De ziekte komt vooral voor bij jonge volwassenen, omdat testosteron de ziekte lijkt te versterken.

De diagnose is gebaseerd op elektrocardiogram (ECG) positiviteit van specifieke hartkenmerken, een typisch patroon dat kan worden vastgesteld, intermitterend of veroorzaakt door medicatie of koorts boven 38°.

Slechts in 40% van de gevallen wordt een eigenaardige genetische mutatie geïdentificeerd, omdat tot op heden slechts enkele genen verantwoordelijk zijn voor het syndroom.

Het meest betrokken gen is SCN5A, dat codeert voor het eiwit dat het natriumionkanaal vormt.

HET RISICO VAN PLOTSELINGE DOOD VEROORZAAKT DOOR HET BRUGADA-SYNDROOM

Het Brugada-syndroom is verantwoordelijk voor ongeveer 5% van alle plotselinge sterfgevallen bij volwassenen (ouder dan 18 jaar) en treedt op tijdens slaap of rust.

Patiënten met een eerdere hartstilstand, een familiegeschiedenis van plotselinge dood, eerdere ervaringen met syncopale episodes (kort bewustzijnsverlies waardoor de persoon valt als hij rechtop staat) en tekenen van kwaadaardige aritmieën worden geïdentificeerd als patiënten met een hoog risico op plotselinge hartdood, waaronder kinderen.

Zeer weinig wetenschappelijke artikelen in de literatuur rapporteren gegevens over pediatrische patiënten met dit syndroom en hebben betrekking op populaties tussen 0 en 19 jaar.

Het brede leeftijdsbereik waarbij zuigelingen, prepuberale en puberale patiënten betrokken zijn, laat ons niet toe precies te begrijpen hoe het Brugada-syndroom tot uiting komt bij kinderen van 0-12 jaar.

Als we de gegevens uit deze publicaties met een zekere mate van onnauwkeurigheid extrapoleren, kunnen we vandaag spreken van een incidentie van plotse dood bij de pediatrische populatie met het Brugada-syndroom gelijk aan 4% bij kinderen jonger dan 12 jaar en 10% bij kinderen jonger dan 19 jaar. XNUMX jaar oud.

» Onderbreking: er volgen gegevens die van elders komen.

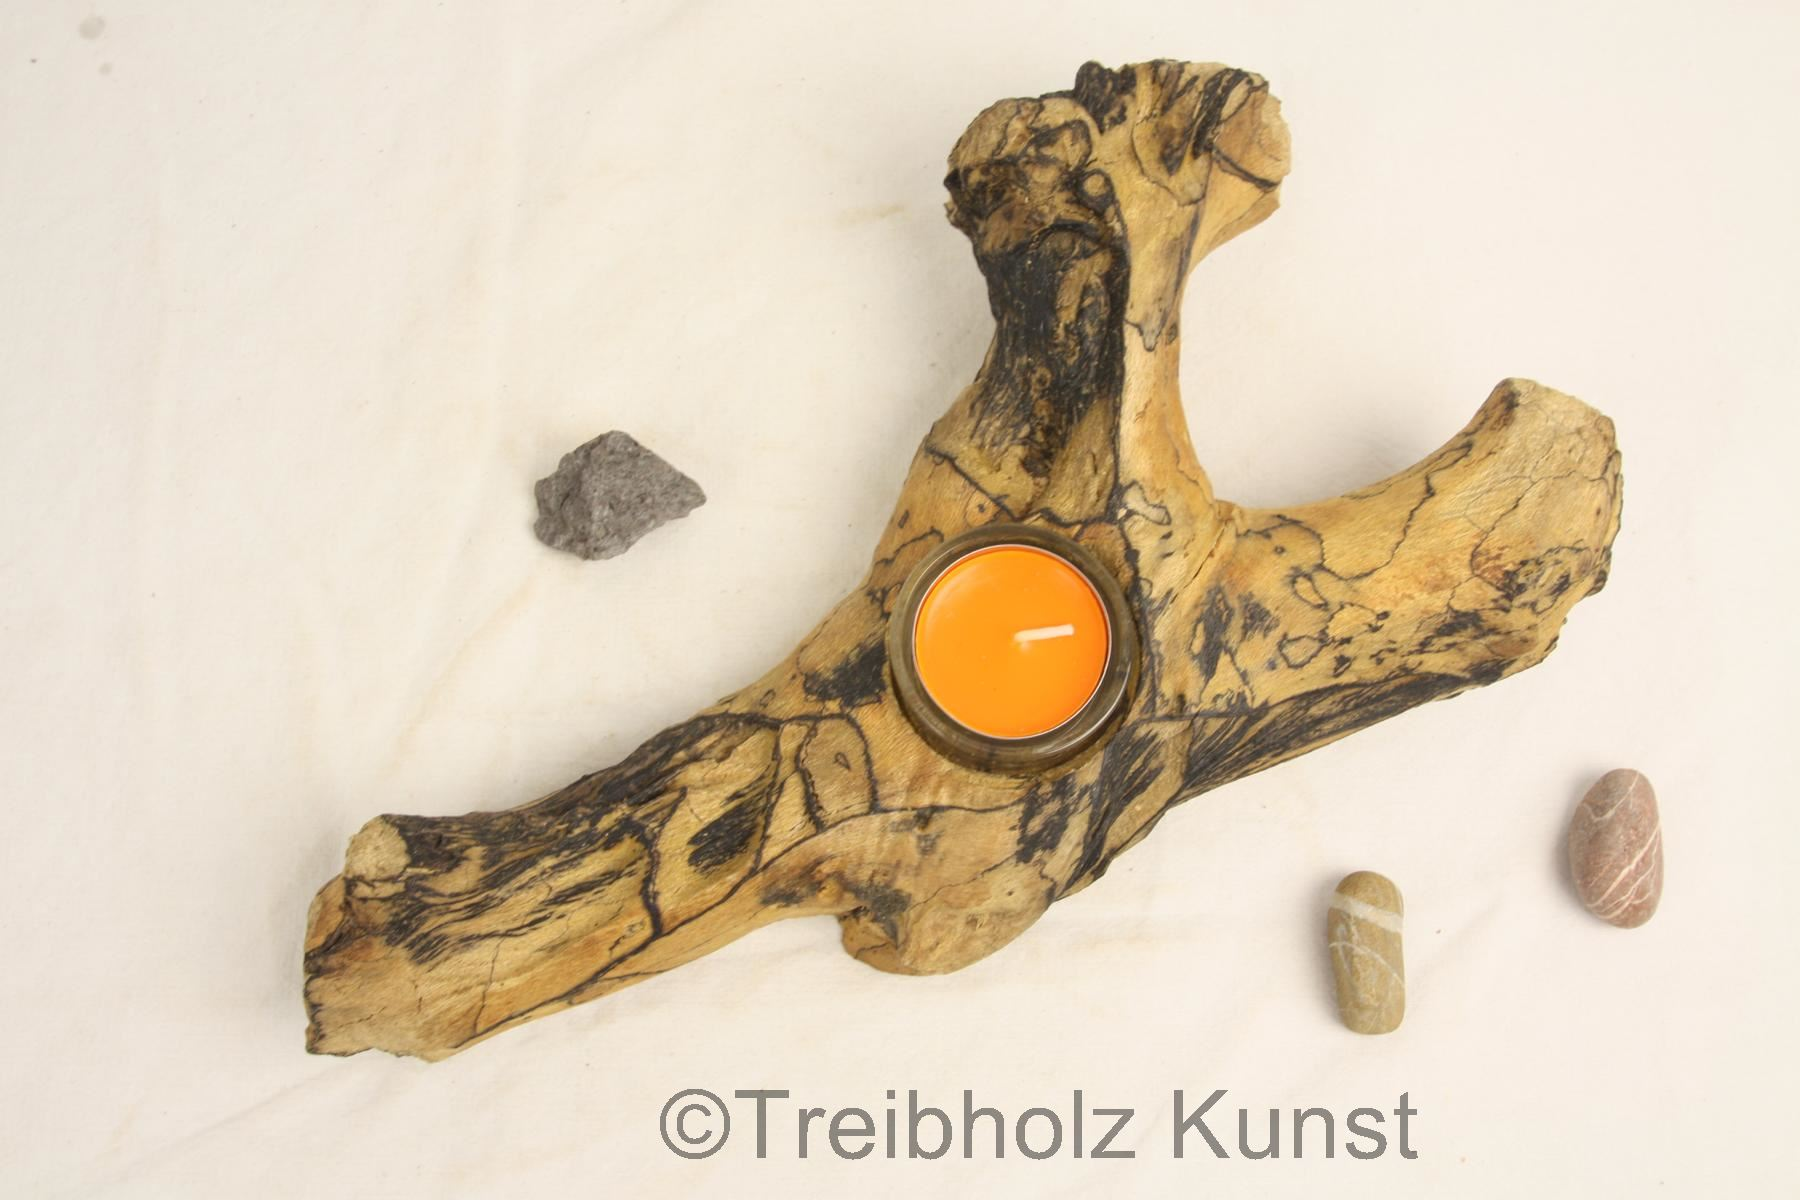 Treibholz Kunst treibholz kunst jens gürtler - www.treibholz-bodensee.de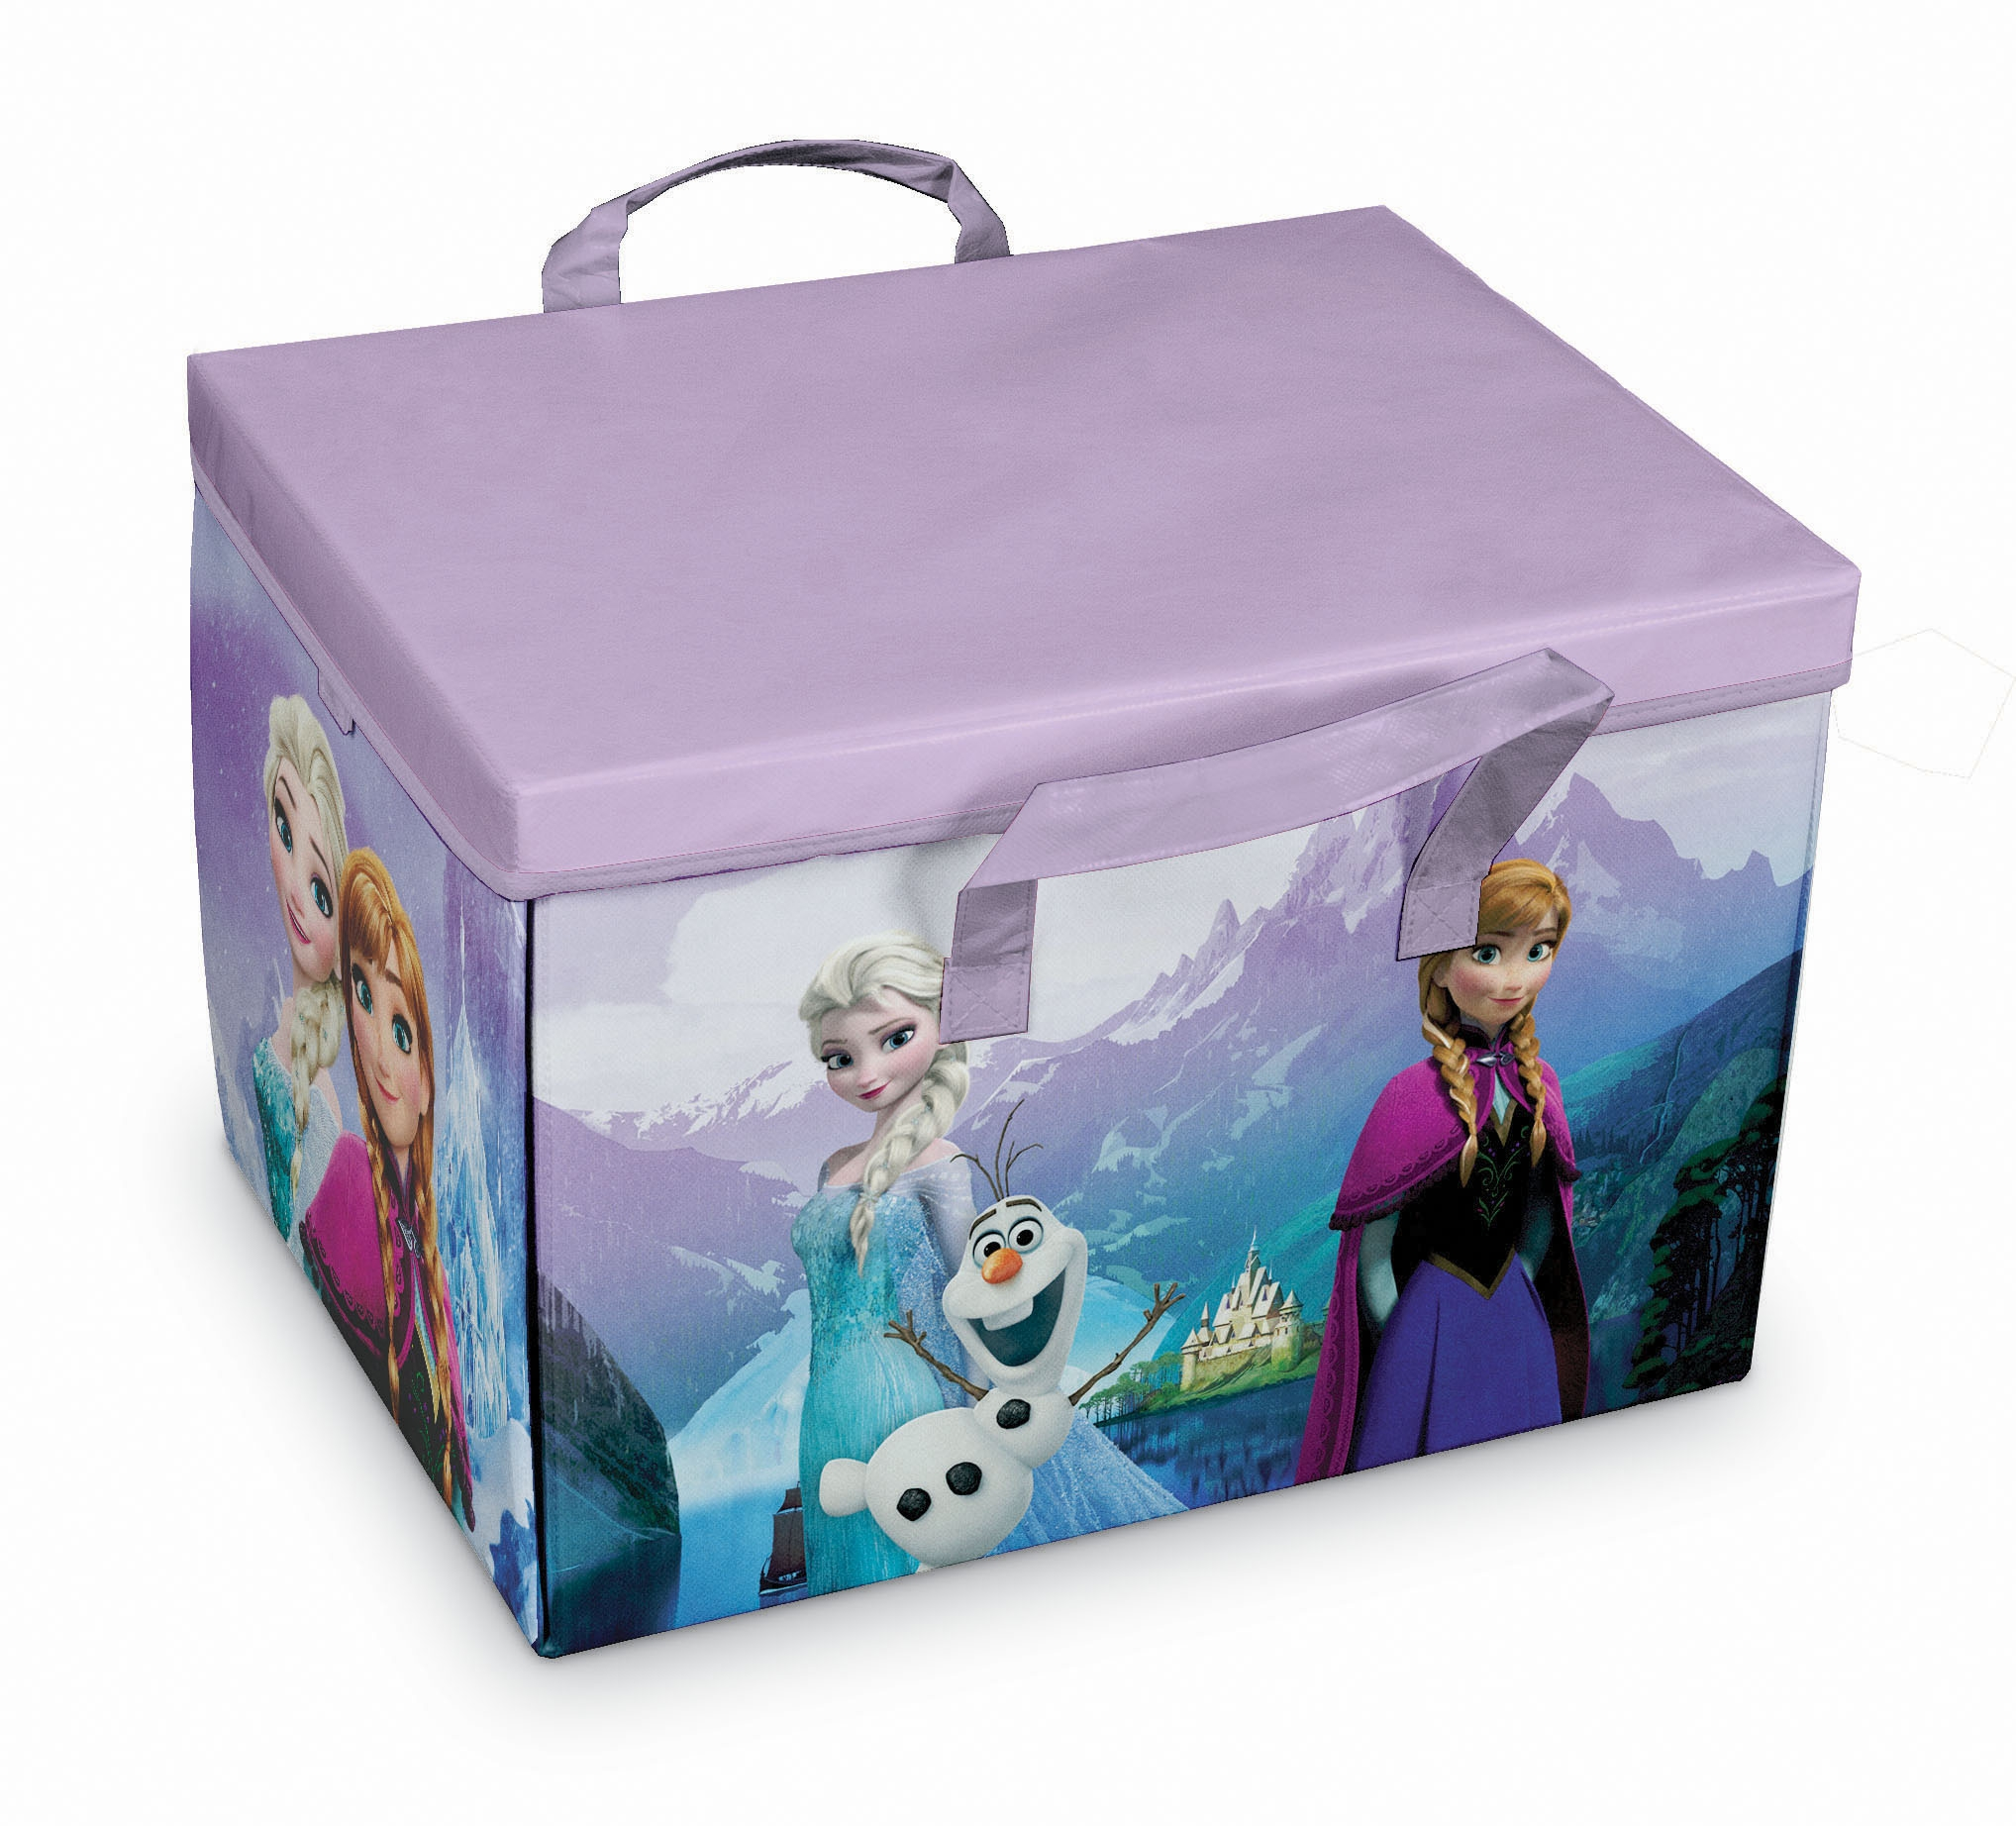 Cutie pentru depozitare jucarii 2 in 1, Frozen Play Violet, L41xl31xH28 cm imagine

RICHTLIJNEN BRUGADA SYNDROOM EN DE BABY JEZUS-STUDIE

Om betrouwbaardere gegevens te verkrijgen, promootte de groep van Dr. Fabrizio Drago, hoofd van de Heart Disease Research Unit binnen de Multifactorial Diseases Research Area van het Bambino Gesù Children's Hospital, eerst het opstellen van de eerste richtlijnen voor het juiste gedrag om adopteren met kinderen onder de 12 jaar met het Brugada-syndroom (gepubliceerd in het tijdschrift Minerva Pediatrica in 2019).

Vervolgens voerde hij een observatiestudie uit bij een groep patiënten in de Bambino Gesù die het syndroom vertoonden in deze leeftijdscategorie.

Het doel van de studie, met dr. Daniela Righi als eerste auteur, was om de kenmerken, tijdsafhankelijke uitkomsten en risicofactoren te identificeren die verband houden met aritmische en cardiovasculaire gebeurtenissen.

Drieënveertig patiënten (25 vrouwen en 18 mannen) geselecteerd op basis van elektrocardiografische screening of verwijzing vanuit andere centra waren bij het onderzoek betrokken.

Hiervan hadden 13 een spontaan ECG-patroon en 30 geïnduceerd (in 24 gevallen door koorts). Bij 5 patiënten was een mutatie in het SCN14A-gen aanwezig.

De mediane follow-up was 4 jaar.

DE RESULTATEN VAN HET ONDERZOEK

Het goede, zelfs uitstekende nieuws is dat geen enkele patiënt stierf tijdens de follow-upperiode van 4 jaar.

De gegevens tonen aan dat de incidentie van maligne aritmieën, en dus het risico op plotse dood, significant hoger was bij patiënten met eerdere syncope of met een mutatie in het SCN5A-gen en bij hoogrisicopatiënten die positief testten voor elektrofysiologisch onderzoek van het hart.

Een andere belangrijke bevinding van de studie is dat een spontaan Brugada type 1 ECG-patroon niet geassocieerd lijkt te zijn met een hogere incidentie van maligne en niet-maligne aritmieën of episodes van syncope dan door medicatie of koorts veroorzaakte aritmieën.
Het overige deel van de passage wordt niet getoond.